Обе стороны в плюсе, хотя вклад лонгов выше. Разделение сценариев (импульсный вход vs «падающий нож») уже видно на визуализациях в статье: часть сессий тянет именно continuation-логика, часть — отскоки. Более детальный анализ стратегий — следующий шаг, но уже сейчас видно, что прибыль не сводится к одной «лучшей» схеме.
Тут очень важно еще их средние сделки сравнивать. Из-за разницы средних результативность лонгов может быть далеко не на 2% выше.
Eth_algotrader,
Понял, спасибо, надеюсь ЧС это крайняя мера, стараюсь верить в людей :). Я здесь именно за содержательной дискуссией, поэтому нормальная критика и вопросы только приветствуются.
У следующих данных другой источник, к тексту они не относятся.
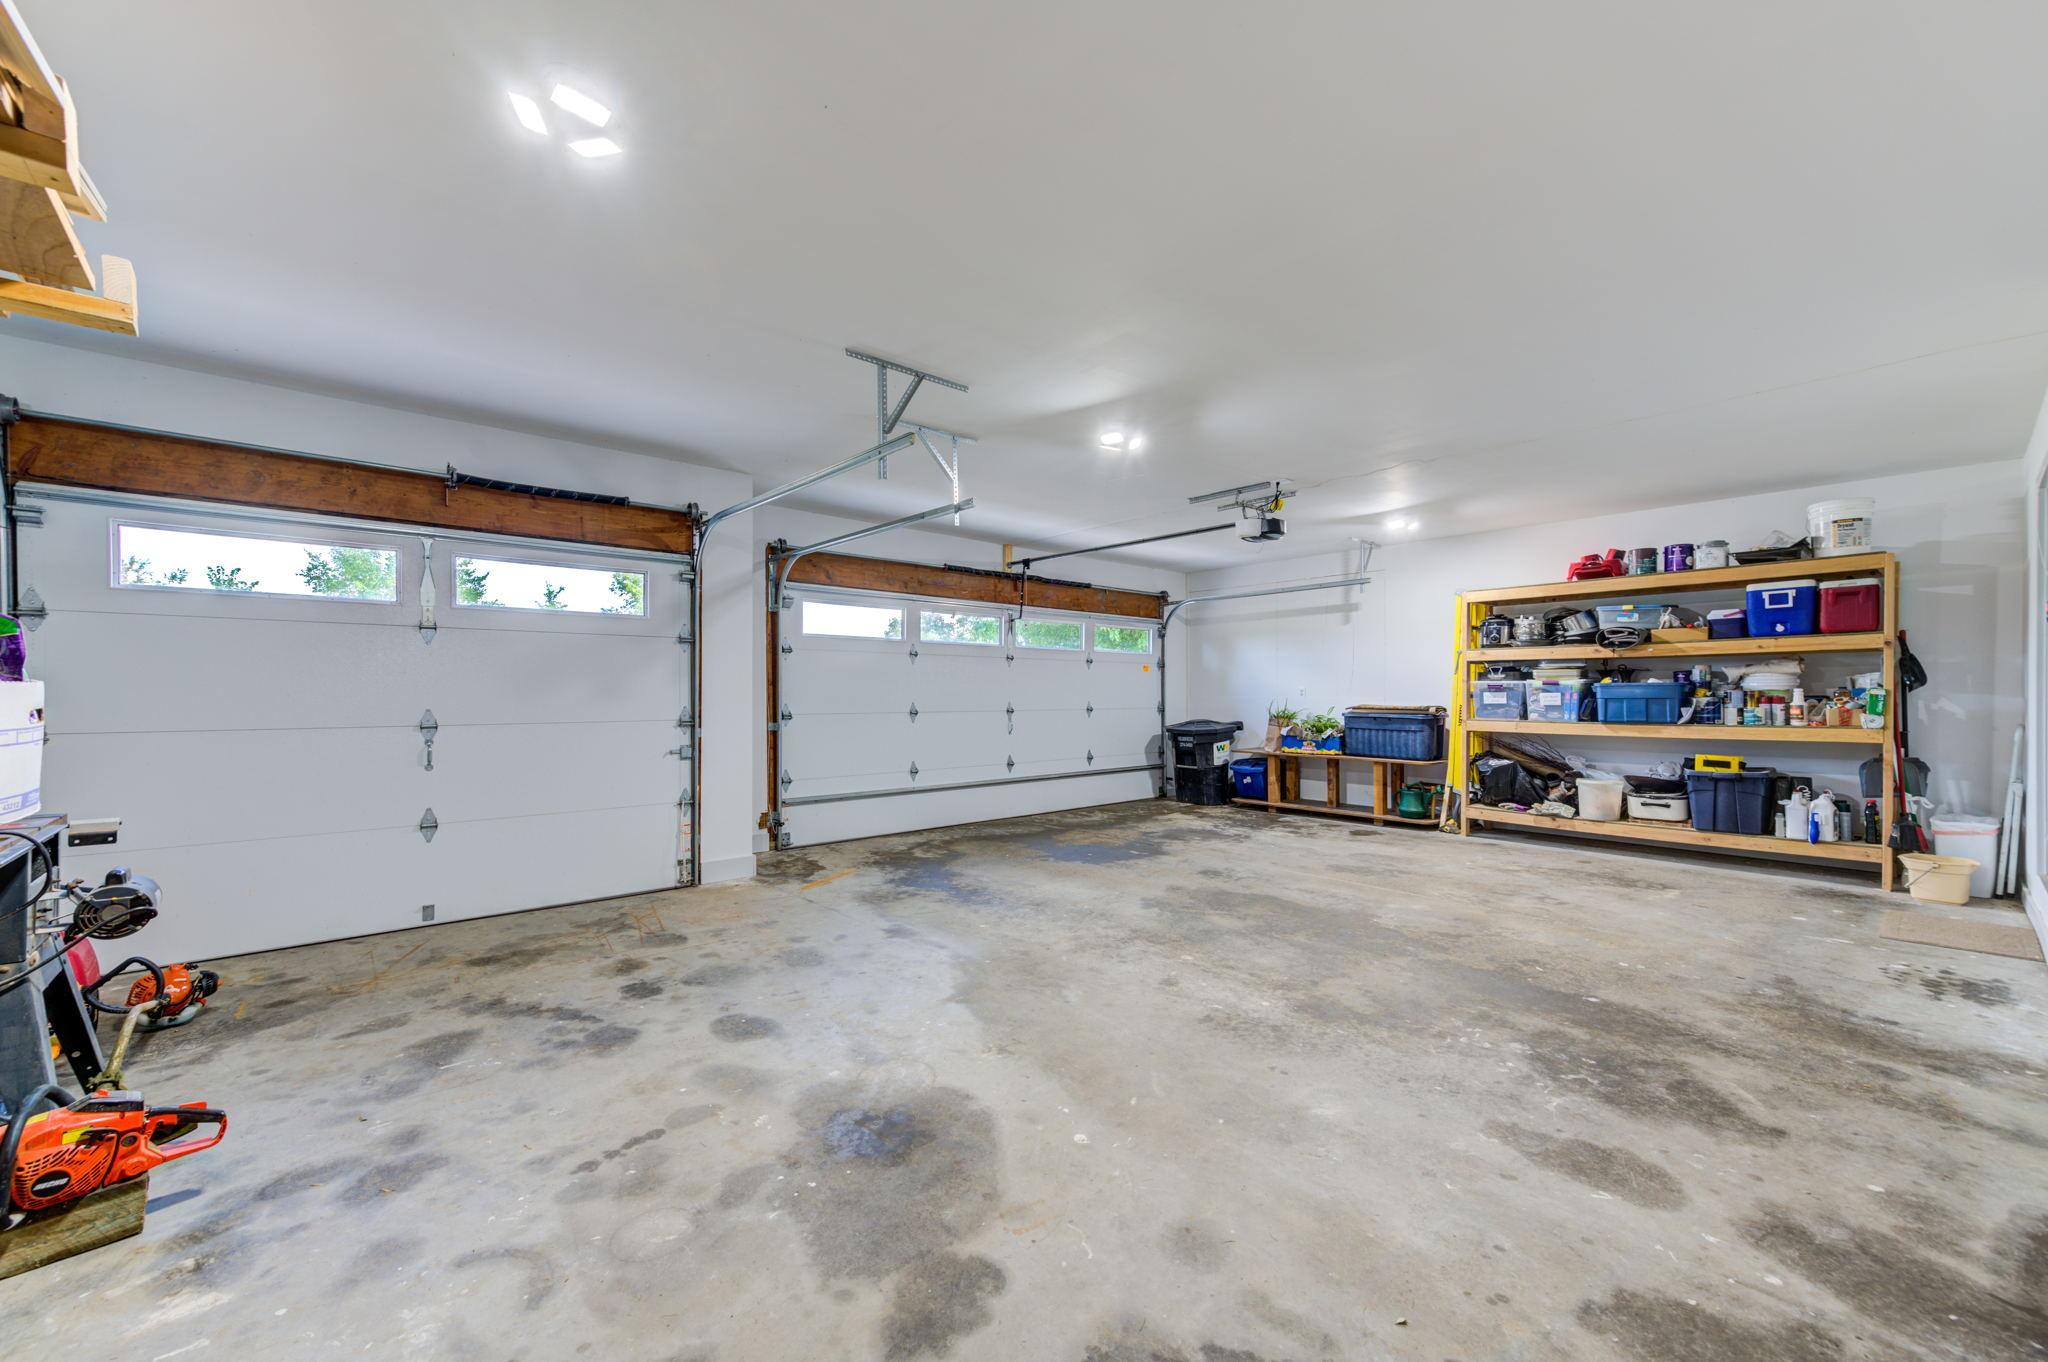 The large three stall attached garage is insulated and finished offering plenty of storage space for vehicles, tools and toys while at the lake!

Остальное — действительно проще фильтровать.
У вас ошибка в коде в environment.
1)pnl_change -= exec_price * volume * self.transaction_fee
2)self.balance += pnl_change #->обнуляем balance
3)elif action == 3 and self.position != 0:
volume = self.balance / self.entry_price #->он всегда ноль!
Итого, после любой покупки баланс навсегда становится = 0, reward-ы не поступают.
Sowelo,
Итог заранее: вы не правы. Баланс нигде не обнуляется.
1. Про self.balance += pnl_change
Это прибавление дельты, а не присваивание. На входе в позицию pnl_change = -fee, баланс становится balance = balance — fee. Ноль тут взять неоткуда.
2. Про “объём всегда ноль”
В коде при закрытии используется:
volume = self.balance / self.entry_price
После входа баланс положительный (чуть меньше из-за комиссии).
Значит, volume > 0.
Заявление “всегда ноль” — ошибка чтения.
3. Про “реворды не поступают”
Награда считается так:
reward = (pnl_change / initial_balance) — inaction_penalty
pnl_change появляется при списании комиссии и при закрытии позиции (прибыль/убыток минус комиссия). Следовательно, реворды не нулевые по определению.
Мини-калькуляция (чтобы закрыть вопрос окончательно)
initial_balance = 10_000, fee = 0.04%.
Вход LONG по 10:
volume_open = 10_000 / 10 = 1_000
fee_open = 10 * 1_000 * 0.0004 = 4
balance = 10_000 — 4 = 9_996 (не ноль!)
Закрытие по 11:
volume_close = balance / entry_price = 9_996 / 10 = 999.6
trade_pnl = (11 — 10) * 999.6 = 999.6
fee_close = 11 * 999.6 * 0.0004 ≈ 4.39824
pnl_change ≈ 999.6 — 4.39824 = 995.20176
balance_new ≈ 9_996 + 995.20176 = 10_991.20176
reward ≈ 995.20176 / 10_000 ≈ 0.0995 (точно не 0)
Вывод: в указанных строках нет описанной вами ошибки. Баланс не обнуляется, объём при закрытии не равен нулю, реворды есть. Ваше замечание — результат неправильной интерпретации кода.